Apart from that, when you are porting membership to another database, you should make sure that you are taking not only tables but all the stored procedures as well. If, for any reason, you are just porting your database schema, you should run Aspnet_regsql.exe before you port it.

Daniel C.S.
But in a backup and restore situation, wouldn't all the stored procs come over anyway?
Deane
A: 

Yes they should work fine.

Only place where you need to be careful is password management. .Net membership providers may use machine specific keys to encrypt or hash the passwords. But there's a work-around where in you tell the asp.net application to use specific machine key and not the auto-generated machine specific keys.
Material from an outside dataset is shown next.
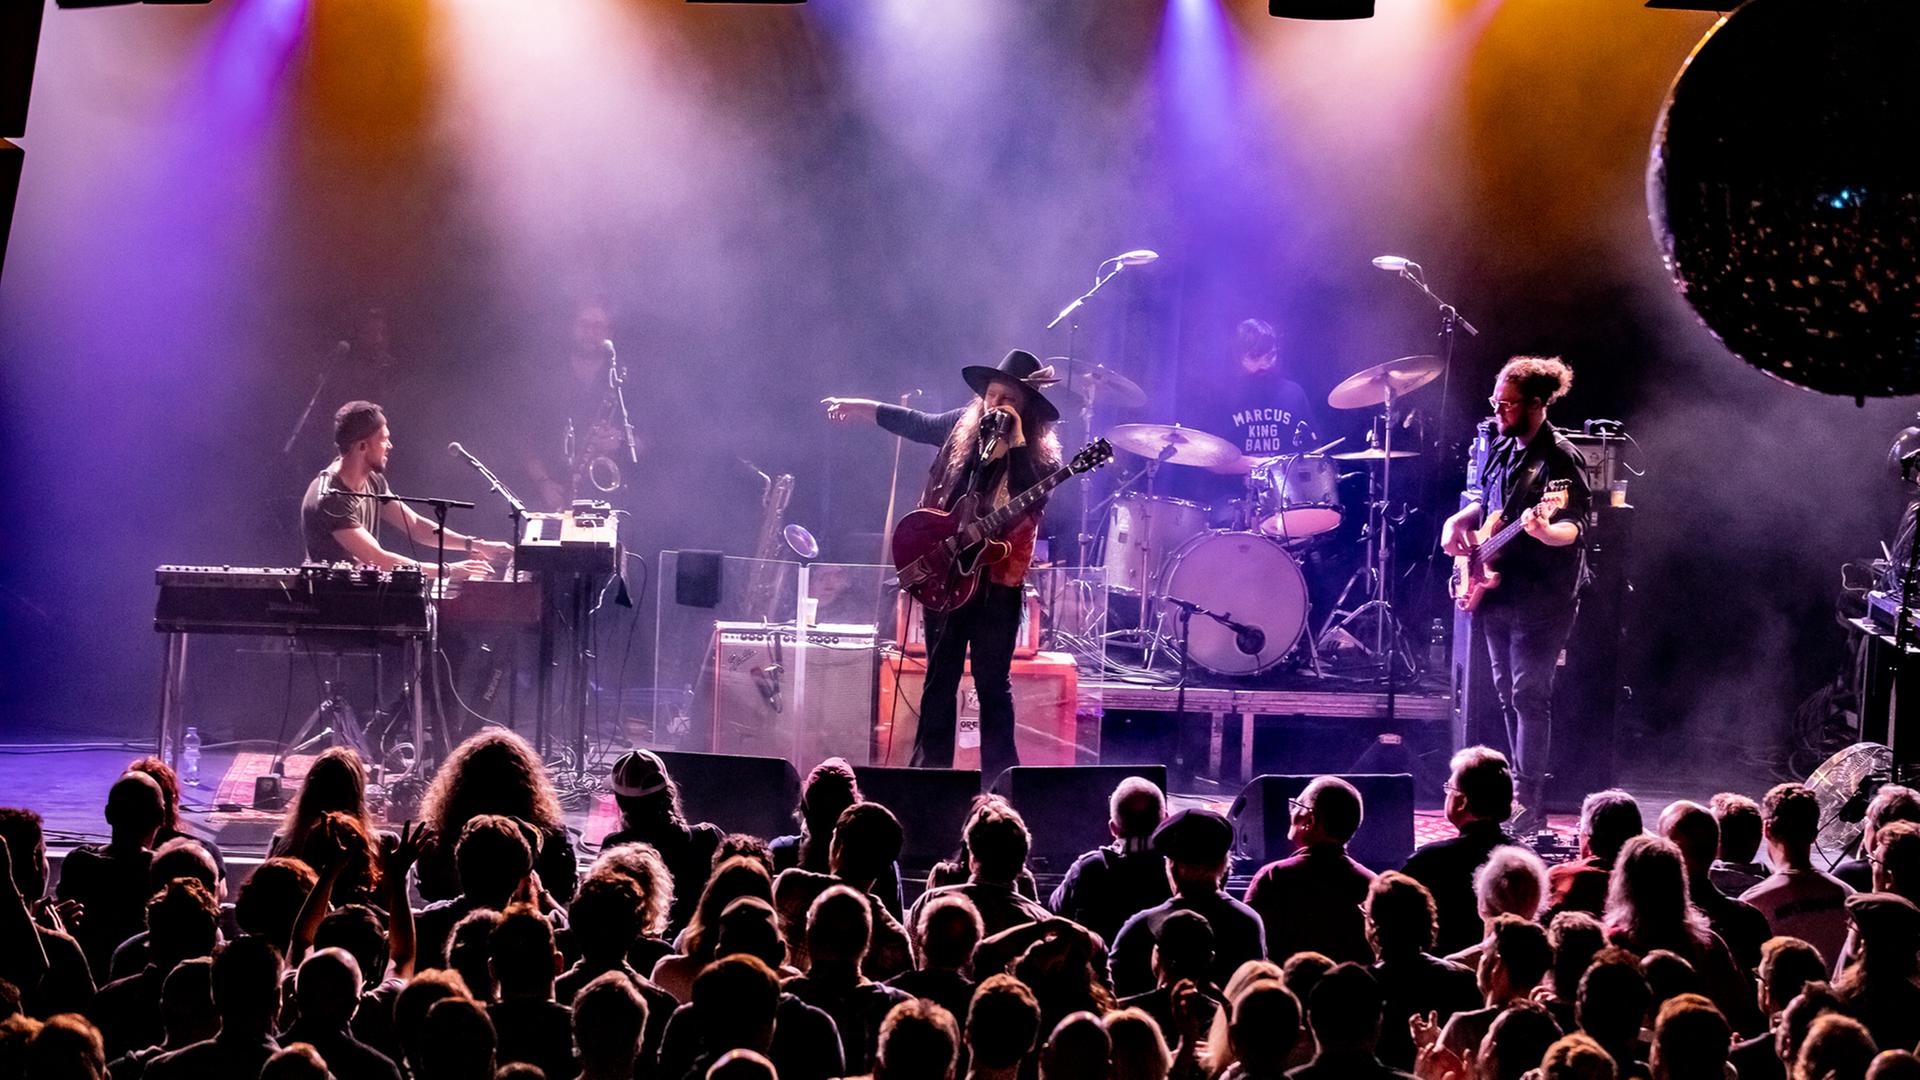 Sechs Männer stehen auf einer mit Nebel und Scheinwerferlicht gefluteten Bühne: der Sänger und Gitarrist in der Mitte zeigt auf jemanden rechts neben sich. Vor der Bühne steht Publikum.

In my application, I keep my passwords encrypted and I have specified my machine-key as below for encryption/decryption. When I do this, I can port my development database to production server or also migrate database from one production server to another very much easily.

  <machineKey validationKey="<your-validation-key>" decryptionKey="<your-decryption-key>" validation="SHA1"/>

There's nothing else you need to worry about regarding migration while working with MembershipProviders.

this. __curious_geek
If you didn't do this, and just let the provider has the passwords with the auto-generated machine key, is there anyway to recover from this? I don't know if this is my problem, but if we assume that the password hash was specific to a particular machine...what do you do about that?
Deane
I have never actually looked into this situation since we pro-actively took care of it by doing it this way. I think you should be able to retrieve the machine-key from machine.config in your case. Will write back here if I find something fruit-ful on this subject.